Constitutively active RhoA (CA-RhoA) has only a minor effect on polarity (Fig. 7D,J). However, when coexpressed with CA-Rac or CA-Cdc42, it reverses the depolarizing effects of these factors (Fig. 7E,F,J; compare to Figs. 6B, 4C). This can be summarized in a possible scenario (see Fig. 11, and the Discussion section): Pak1 activates Cdc42, which then polarizes protrusive activity. At the same time, Cdc42 activates Rac, which in turn promotes lamellipodia formation. If overactivated, Rac indirectly attenuates RhoA activity, which would be required for the maintenance of polarity.
In migrating mesendoderm cells, RhoA activation requires signaling downstream of the transcription factors Goosecoid and Mix.1 (Luu et al.,2008). We confirmed this finding, and demonstrated that cells expressing the inhibitory EnRMix.1 construct show a nonpolarized type II morphology similar to that of CA-Pak1–expressing cells (Fig. 7G,J). Coexpression of CA-Pak1 and EnRMix.1 does not alter the cell phenotype (Fig. 7H,J), as expected if both CA-Pak1 and EnRMix.1 expression abolished RhoA activity. In contrast, DN-Rac substantially rescues polarity in EnRMix.1–expressing cells (Fig. 7I,J), suggesting that some residual RhoA activity is normally suppressed by Rac in EnRMix.1–expressing cells.
To visualize active RhoA (Bement et al.,2005), the GFP-tagged GBD of rhotekin (30 pg/blastomere) was expressed (Fig. 7K). In control cells, it was enriched in lamellipodia, preferentially at their proximal end. In CA-Pak1–expressing cells, this concentration of rhotekin was absent, but it was not visibly affected in KD-Pak1 cells (Fig. 7K,bottom). This is consistent with a down-regulation of RhoA activation by CA-Pak1. Because myosin contractility is a target of RhoA and Rho kinase, and could be involved in lamellipodia retraction, we also stained for nonmuscle myosin II in mesendoderm cells (Fig. 7L).
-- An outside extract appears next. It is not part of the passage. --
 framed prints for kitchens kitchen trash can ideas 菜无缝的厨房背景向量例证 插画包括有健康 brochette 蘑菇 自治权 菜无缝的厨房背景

As described in detail previously (Selchow and Winklbauer,1997), myosin II is enriched in the proximal part of lamellipodia in control cells (Fig. 7L, top). In CA-Pak1–expressing cells, this localized accumulation is diminished (Fig. 7L, middle), whereas it is retained in KD-Pak1 cells (Fig. 7L, bottom).
Isolated Mesendoderm Cells Migrate Independently of Pak1-Dependent Polarity
Pak1 affects migration in a variety of cell types. Surprisingly, despite their multipolar morphology, overall migration speed is not diminished in KD-Pak1–expressing cells, although cell velocities are slightly more uniform as compared to controls (Fig. 8A). A similar effect is observed with CA-Pak1 (Fig. 8C). xPak1 overexpression has only a weak stimulating effect on mesendoderm cell migration (Fig. 8B). In contrast to this insensitivity to Pak1 modulation, migration of DN-Cdc42–expressing cells is impaired (Fig. 8D). Apparently, Cdc42 has additional roles in mesendoderm cell migration beyond mediating cell polarization.
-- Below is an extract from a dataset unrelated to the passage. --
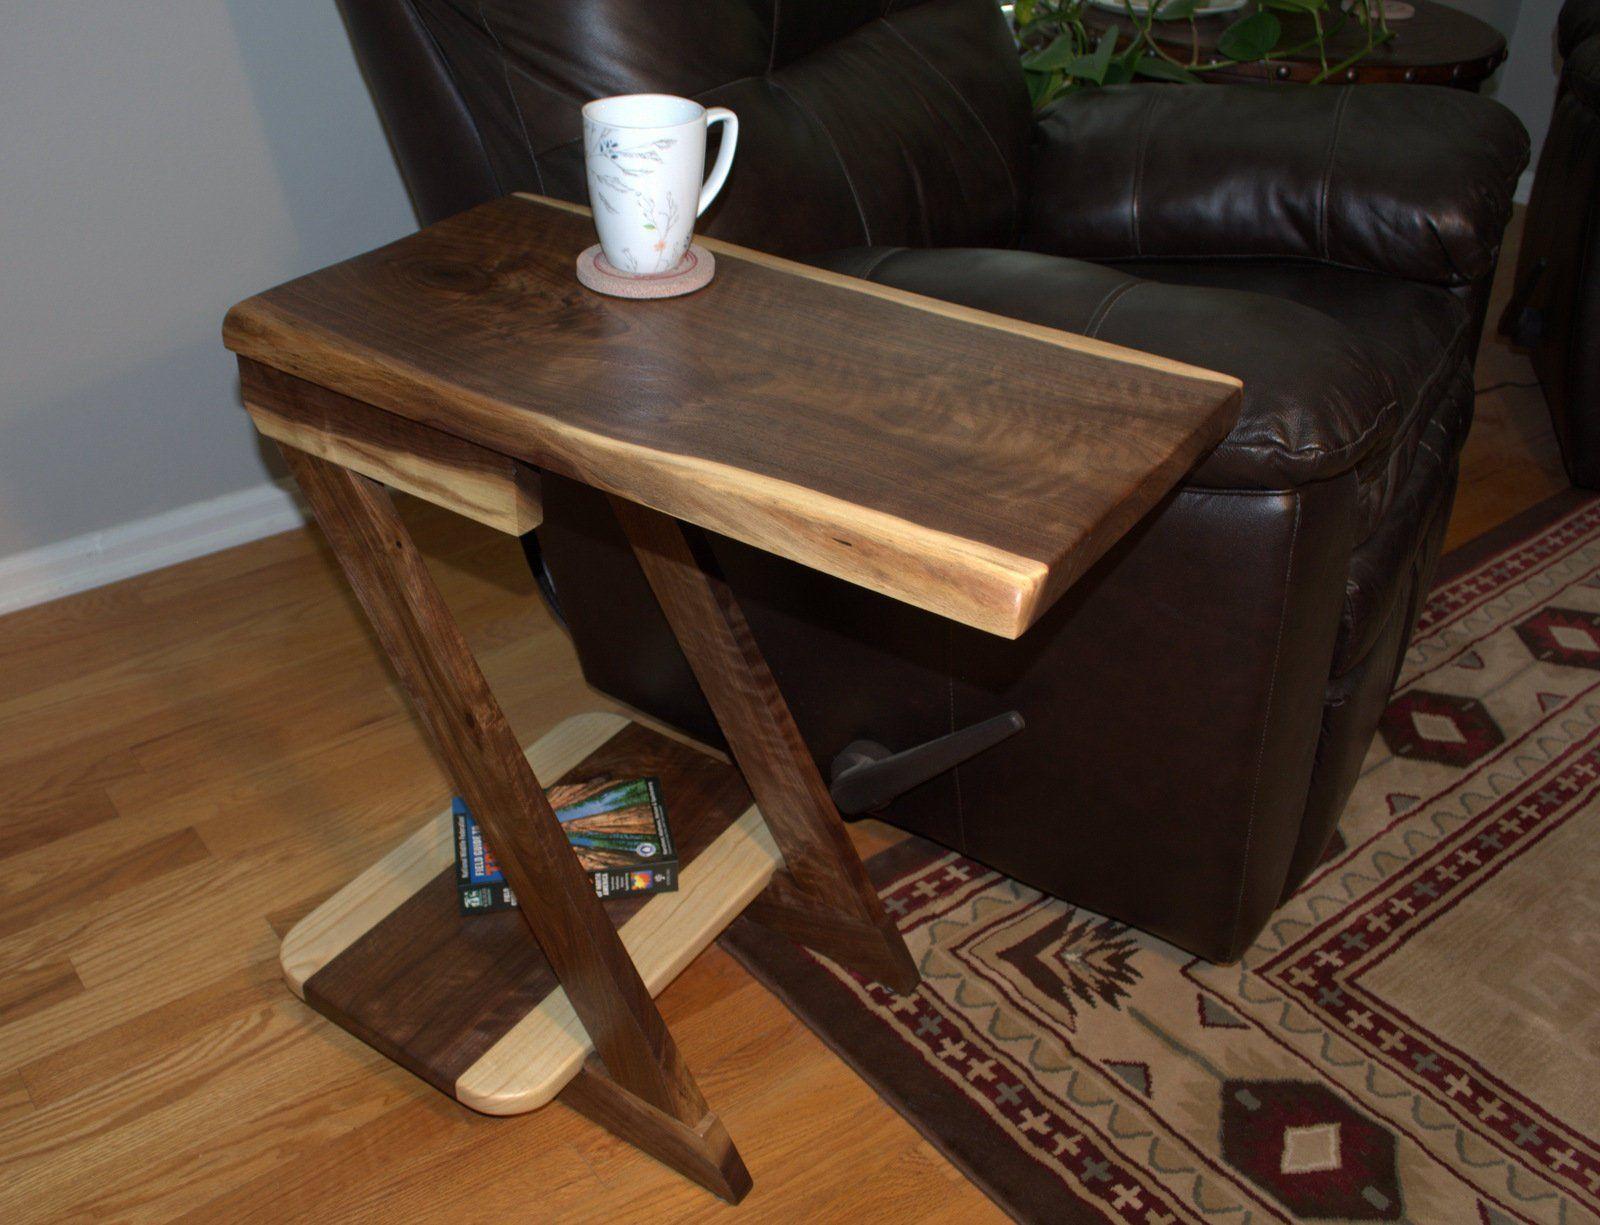 Side Table End Table Small Table Wood Table Livingroom Table

Pak1 Is Involved in the Directional Migration of Mesendoderm Cell Aggregates
In the embryo, the mesendoderm migrates as a coherent aggregate, not as single cells. Moreover, migration is directed by guidance cues located in the BCR matrix. Although apparently not relevant for the migration efficiency of isolated cells on FN, Pak1-dependent cell polarization could be important under aggregate conditions, to allow for the oriented protrusive activity that underlies directional migration (Winklbauer and Nagel,1991; Nagel et al.,2004).
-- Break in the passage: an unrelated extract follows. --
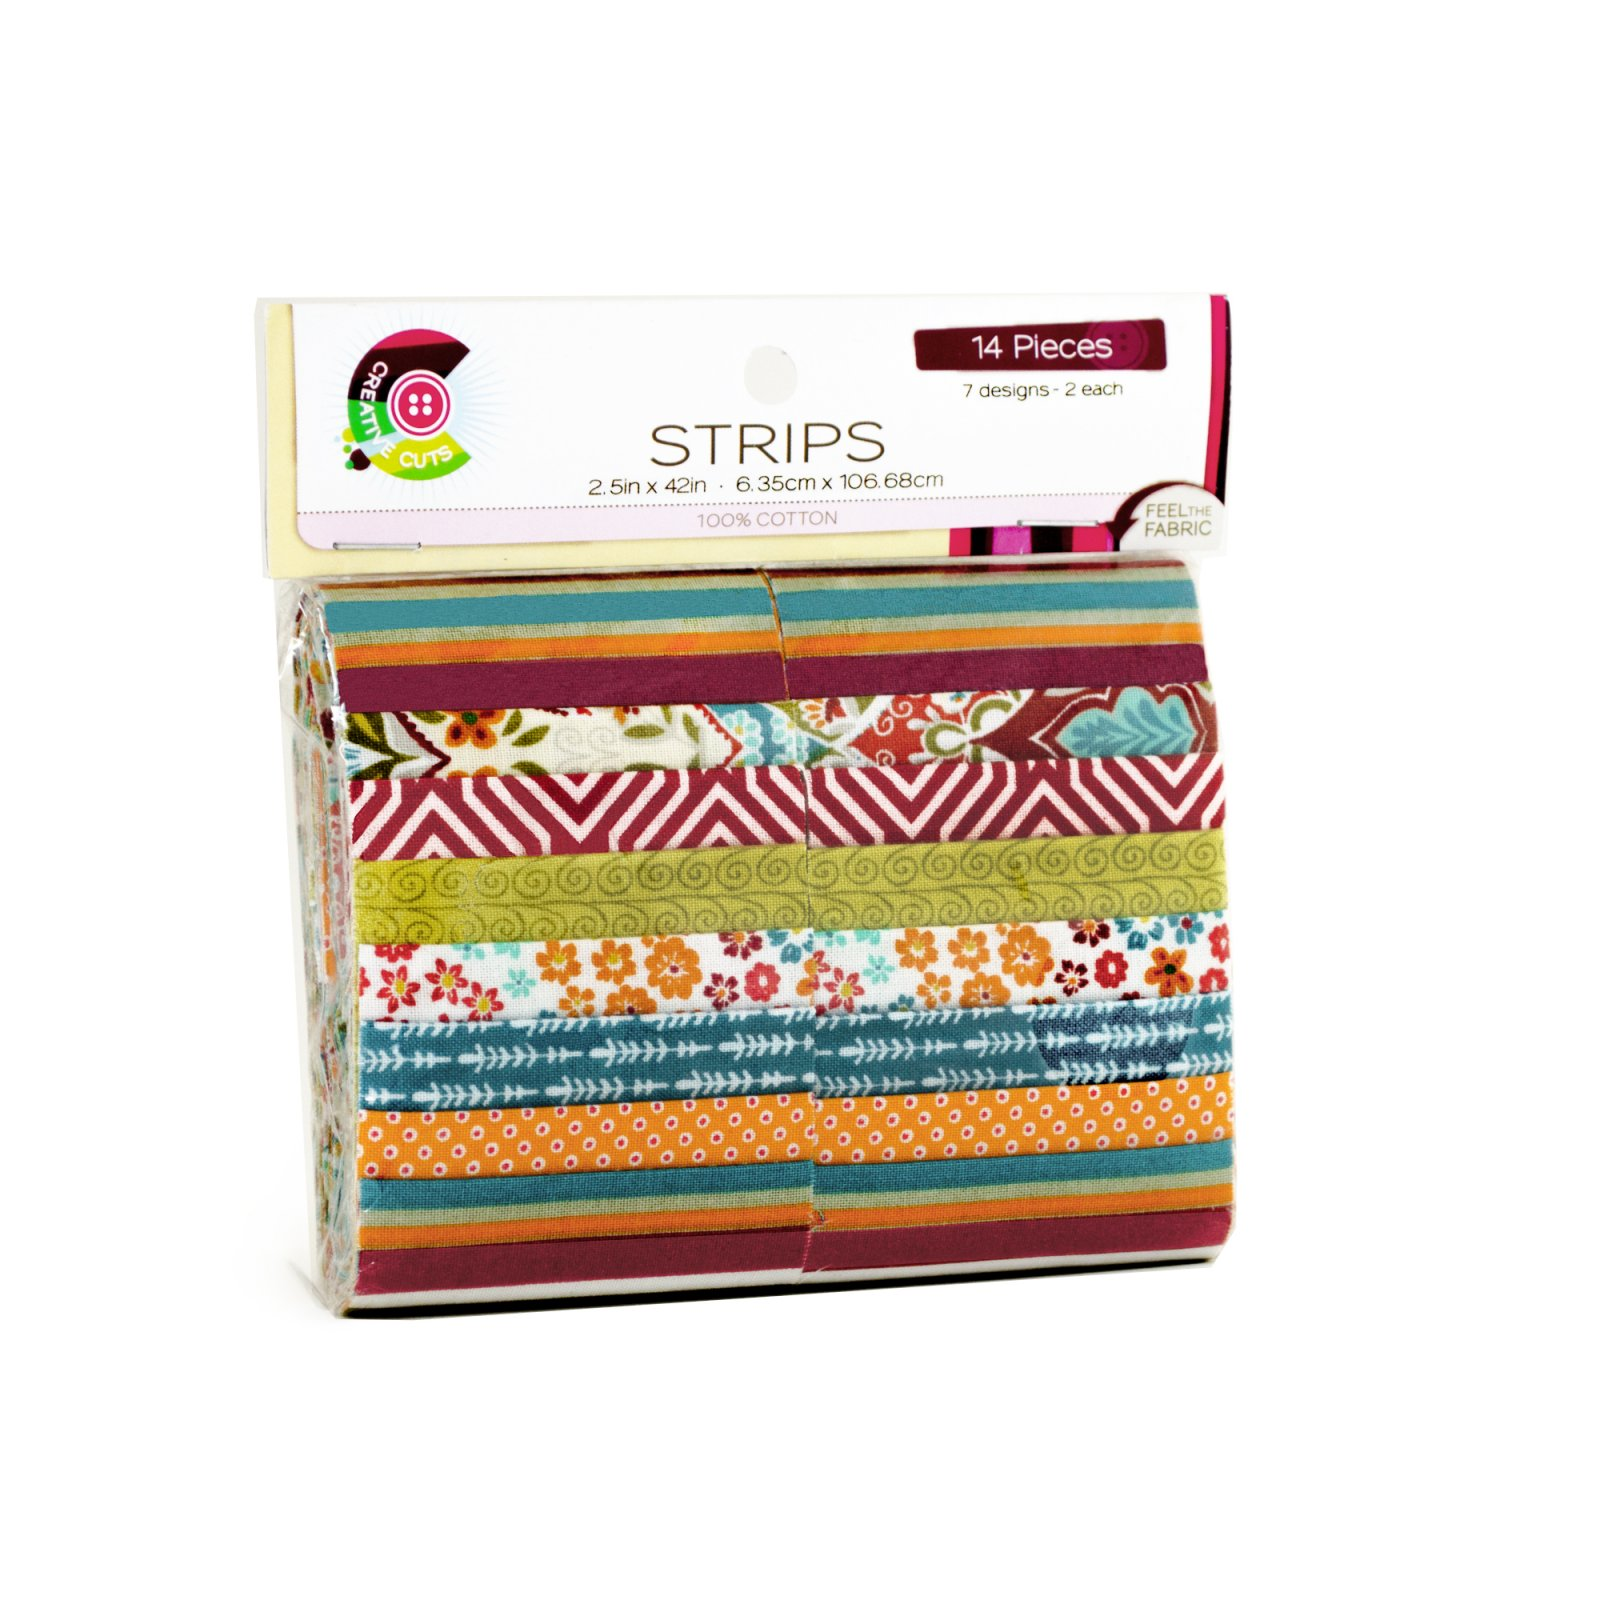 Creative Cuts 14pc Strips Roll<br>Jahandar Collection<br>MD-WM-STR-JAH

Oriented migration of explants can be studied in vitro on BCR-conditioned substratum (Nagel et al.,2004). In this assay, control explants move preferentially toward the animal pole (Fig. 9A,B). The xPak1-injected explants show a weak reduction in directionality, with a quarter of explants moving vegetally instead of animally (Fig. 9B). The movement of KD-Pak1–expressing explants is completely randomized (Fig. 9B). This suggests that the kinase function of Pak1 is necessary for the guidance of mesoderm migration by substratum-borne cues. Coinjection of xPak1 with KD-Pak1 rescues directionality of migration (Fig. 9B), consistent with a permissive role of Pak1 in this process. Expression of CA-Pak does not affect directionality (Fig. 9B). Both CA-Cdc42 and DN-Cdc42 strongly affect the directionality of migration, although they do not lead to a complete randomization of movement (Fig. 9B). The migration velocities of explants vary considerably, like those of single cells, but average velocity is not significantly different between different treatments (Fig. 9C).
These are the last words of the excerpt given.